I have a "new-to-me" 1965 Craftsman 8" table saw model# 113.24280

I am having difficulty getting the blade parallel to the miter slot, because of how the trunnion assembly is attached to the bottom of the cast iron table top.

I am familiar with Delta Uni Saws where the table top is independent of the blade and trunnion assembly.

On my Craftsman, the trunnion assembly bolts directly to the bottom side of the cast iron table top. It is basically a three piece assembly. The arbor is the center section that raises and lowers the blade (no problem here). I'm having difficulty with the two outer assembles (see link below), because not only do they control the tilt of the blade, but this is how you get the blade parallel to the miter slot. Even with the lock down nut tightened, there is some "play" in this assembly. Where it bolts to the bottom of the cast iron table top, they are shaped like the main bearing caps on an engine block.

Long-story-short, I want to be able to make "spot-on" rip cuts and cross cuts. I'm thinking about using the following method:

1. Tighten the lock nut down. Permanently. Some blue Locktight should do the trick.

2. Try my best to the the blade parallel to the miter slot and perpendicular to the table top using the combination square method for parallel and perpendicular (I do not own a dial indicator, nor can I afford one at the moment).

3. Never ever use the tilt on the blade. This is where the "play" (or slop in the assembly) comes into action.

I hope to be able to use the original fence for rip cuts and build a crosscut sled for crosscuts. If I need to cut an angle or a bevel, I will build a jig. It is so difficult to get the blade parallel to the miter slot on this saw, that I never want to have to adjust it again.

Any suggestions, advice, or input would be greatly appreciated.

Here is a link that shows the exploded assembly with what I'm talking about: http://www.searspartsdirect.com/Craftsman-All-Products-Parts/Model-11324280/0247/0744000/00021131/00001.html

Part #16 in the exploded assembly drawing is what I'm referring to as the "outer assemblies" in the above paragraph.

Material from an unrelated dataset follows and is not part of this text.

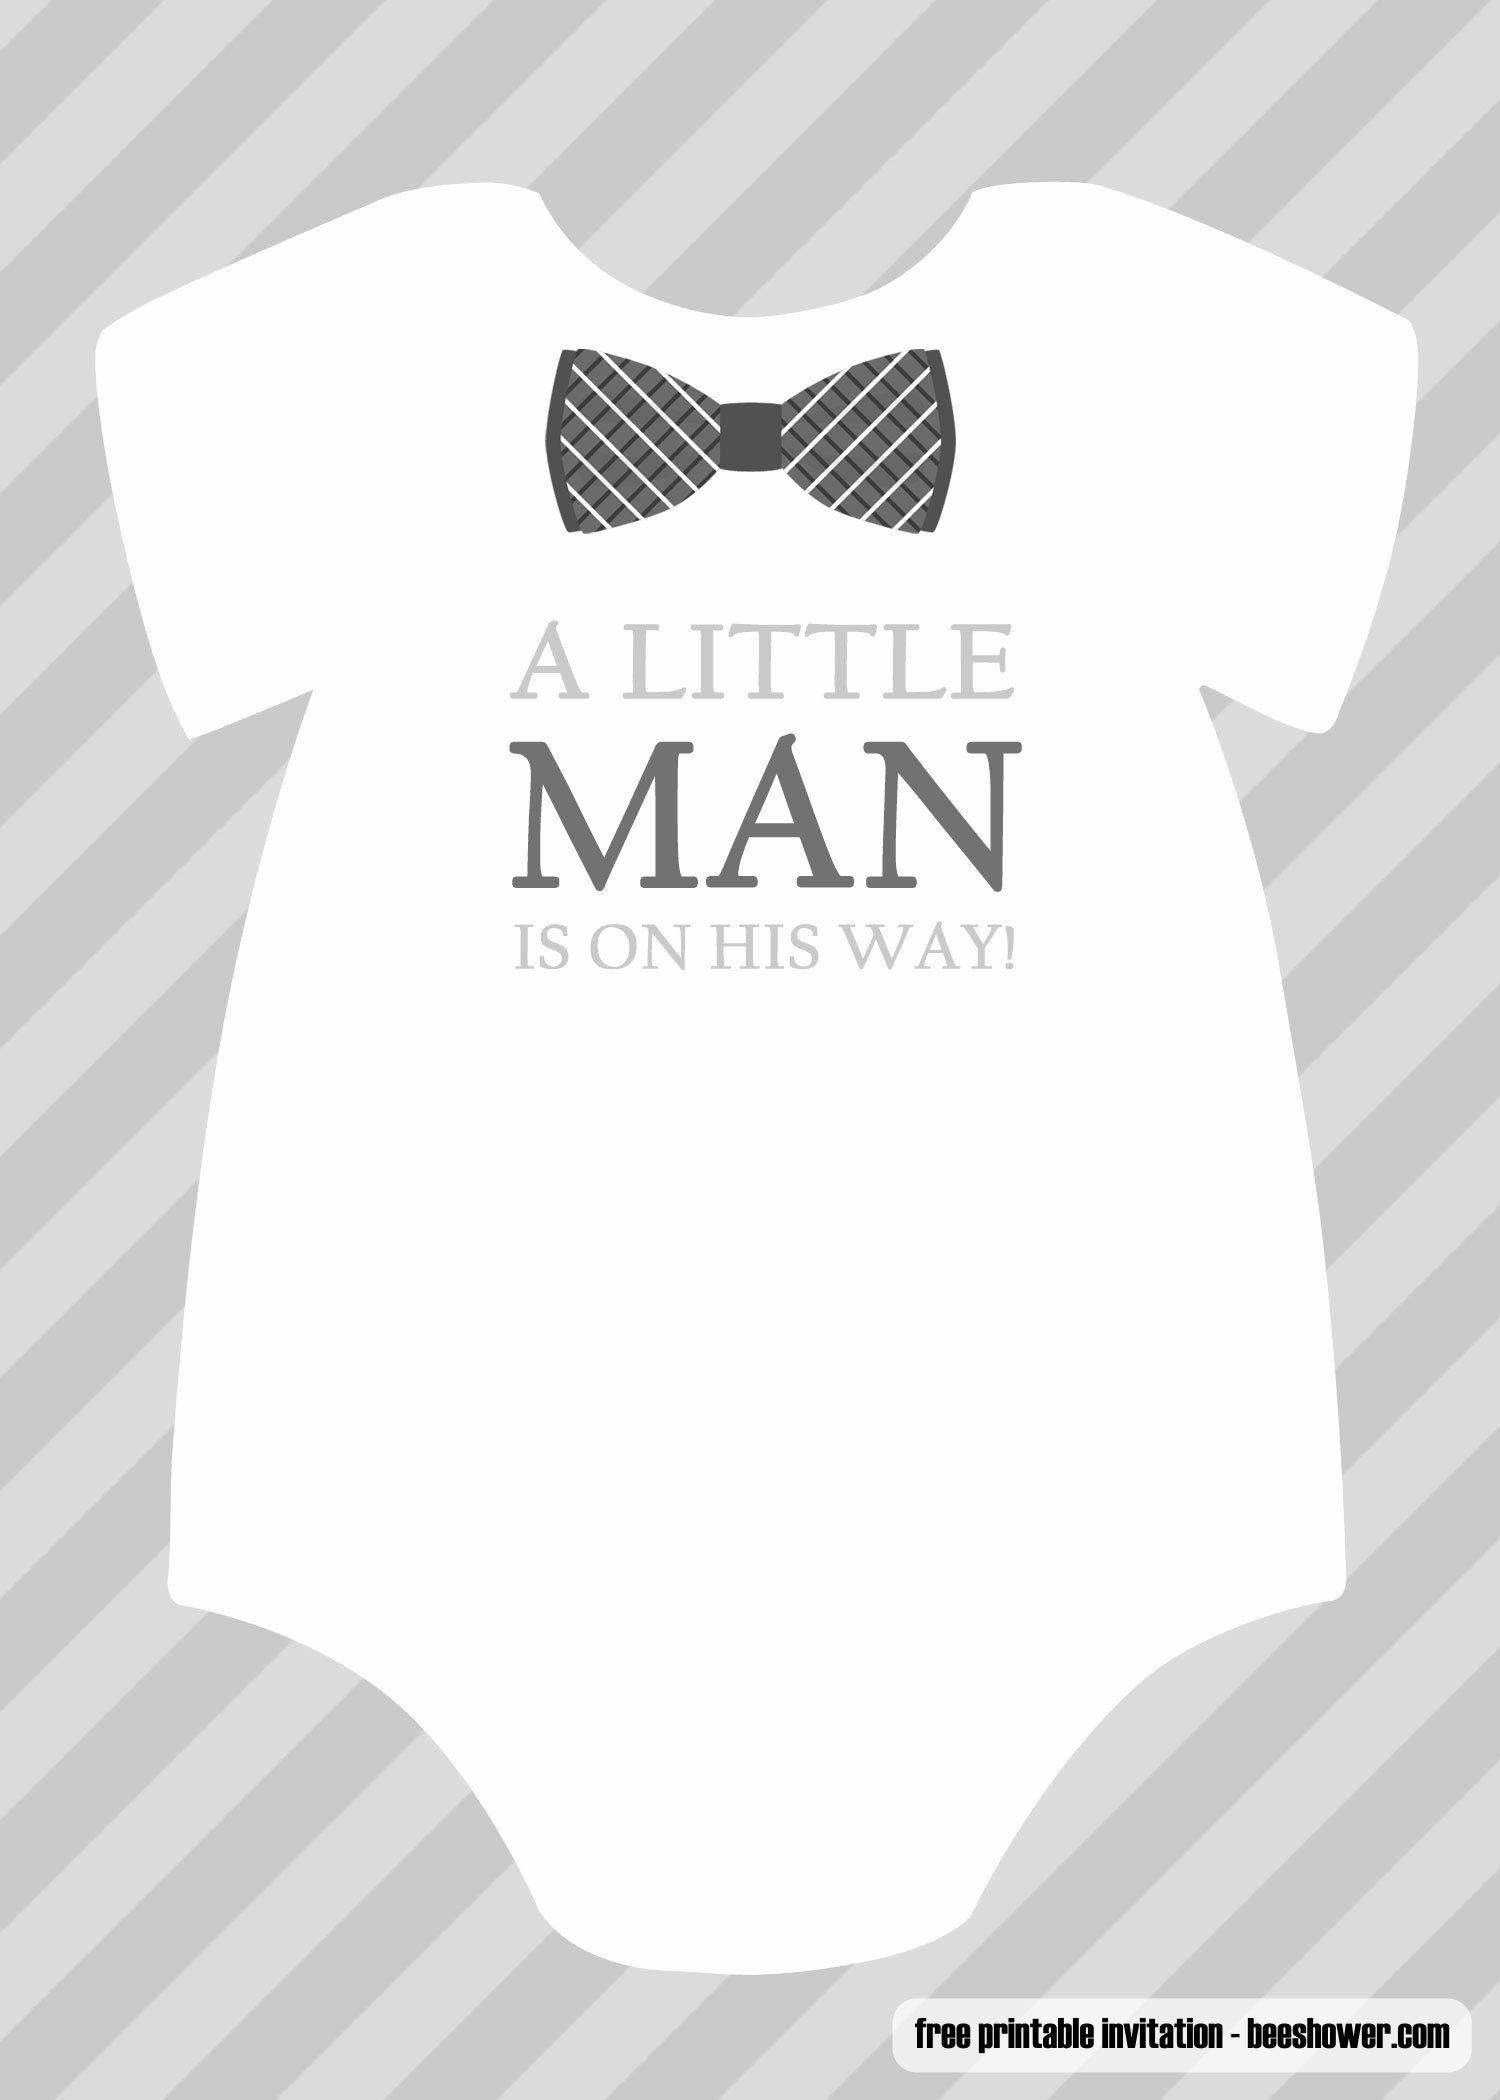 Printable Onesie Baby Shower Invitations Lovely Free Boy Boy Baby Shower Invitations Templates Baby Shower Invitations For Boys Onesie Baby Shower Invitations

Thank you in advance for your help.

Sincerely,
Harv


----------



## Ghidrah (Jan 20, 2015)

Just guessing but you'll probably have to flip the saw loosen the arbor nuts then flip it up right. I'd guess you'll probably need a couple extensions to connect up to your ratchet and socket to tighten it down once you line it up.

Or maybe you can remove the elevator handle then remove the side cover to get at the arbor bolts.


----------